Remember when all Jacobs were nicknamed Jake, and every Theodore was Ted, and Victorias were automatically labeled Vicky?
Well, things have changed. Today’s baby namers are putting a tremendous amount of thought into nicknames. Not only are they more willing to put them on the birth certificate (Gracie, Gus), but they are placing almost as much importance on their babies’ everyday/pet names as on their birth certificate appellations, sometime picking the colloquial form first and then finding a formal name that’s fits it.
And in many cases, the connections between the two are way less direct than they used to be, sometimes just sharing a first initial, or playing with a middle or last syllable, such as using Lia for Cecilia or Amelia.

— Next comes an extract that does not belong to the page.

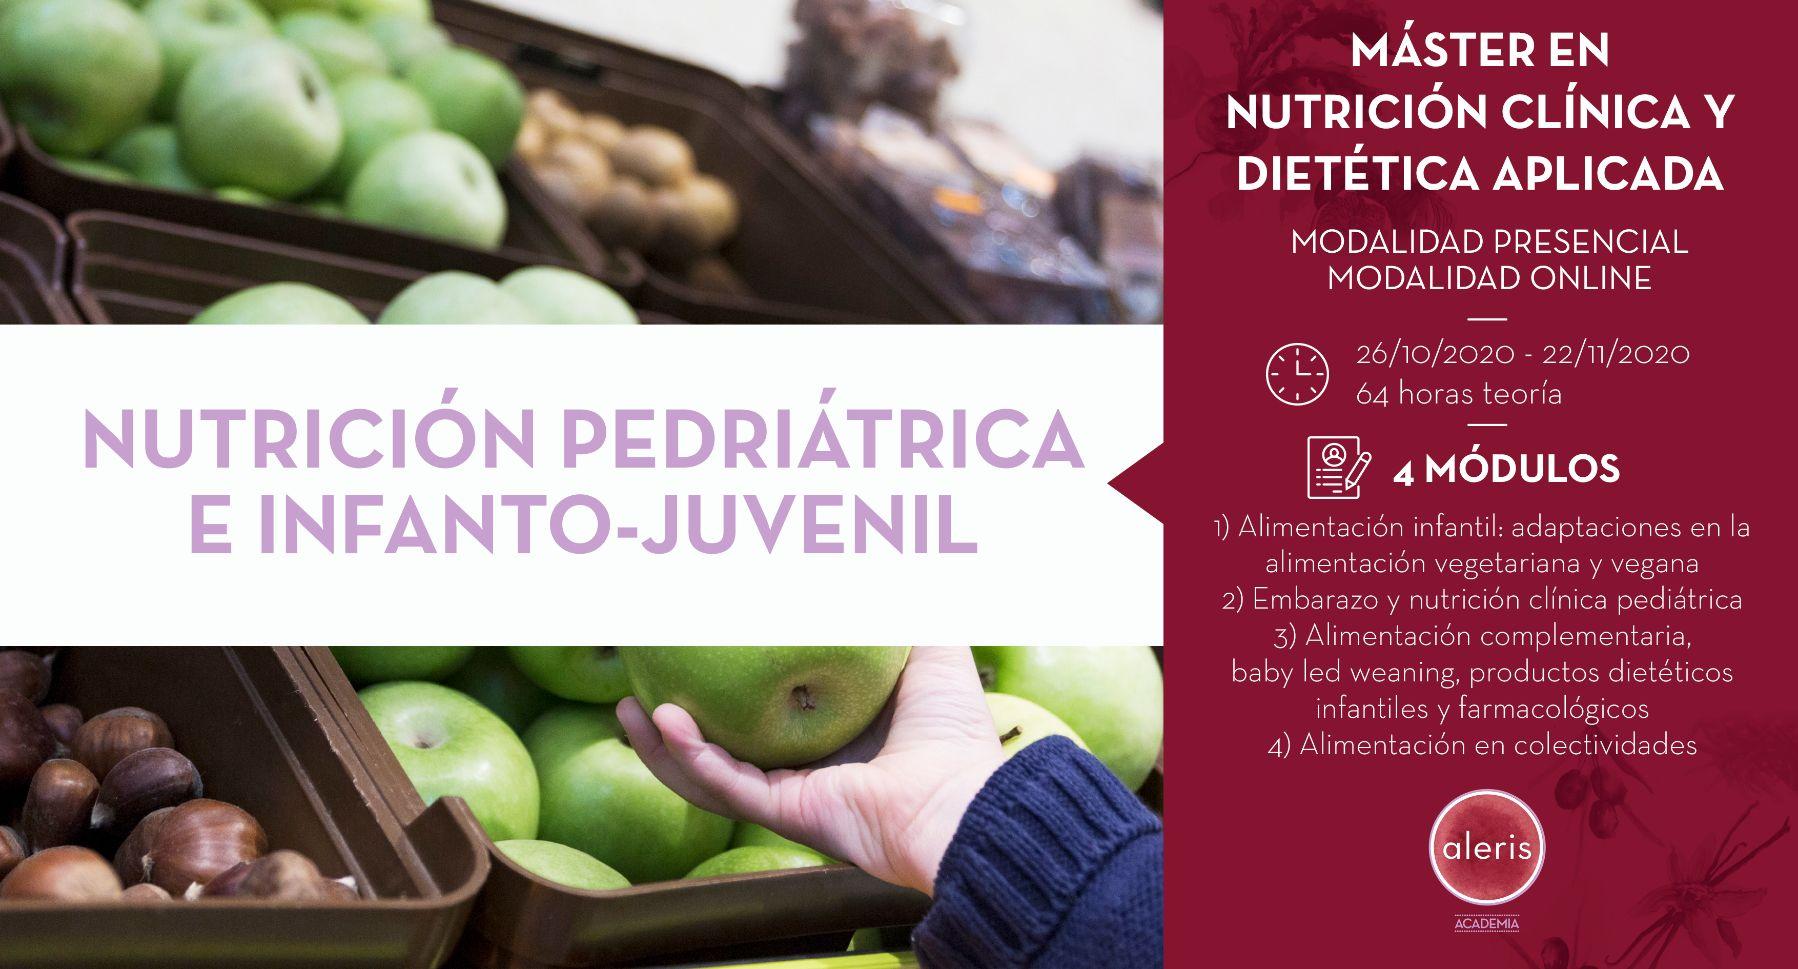 NUTRICIÓN PEDIÁTRICA E INFANTO JUVENIL

Our own nameberries are especially inventive when it comes to creative nicknaming. Here are some of the recent examples we’ve noticed:
BEATRIX—BIXIE instead of Bea or Trixie
CAROLINE—CALLIE instead of Carrie
ELEANOR—NORA instead of Ellie or Nell
ELODIE—NELL instead of Ellie
FELICITY—FLICK or FLICKA
FRANCES—FANCY instead of Franny or Fanny
GWENDOLYN—DOLLY instead of Gwen
JOSEPHINE—EFFIE or FEE or POSY instead of Josie
JULIETTE—LETTIE instead of Julie
PENELOPE—PIPPA instead of Penny
ROCHELLE—ELLIE instead of Shelley
TABITHA—BIT instead of Tabby
THERESA—REESE instead of Terry
VICTORIA—PLUM (as in the Victoria plum) instead of Vicky
VIOLA—LOLA instead of Vi
VIOLET—VIO instead of Vi
AUGUSTUS—GUSTO instead of Augie or Gus
CRISPIN—PIP instead of Cris
JACOB–COBY/COBIE instead of Jake
JAMES—JEM instead of Jim
MALCOLM—MAC or MALCO instead of Mal
NICHOLAS—COLE instead of Nick
PHILIP—PHILO or FLYNN instead of Phil
RICHARD—HARDY instead of Rick or Dick
THEODORE—THOR instead of Ted
WALLACE—ACE instead of Wally
Have you come up with any innovative nicknames for your favorite names?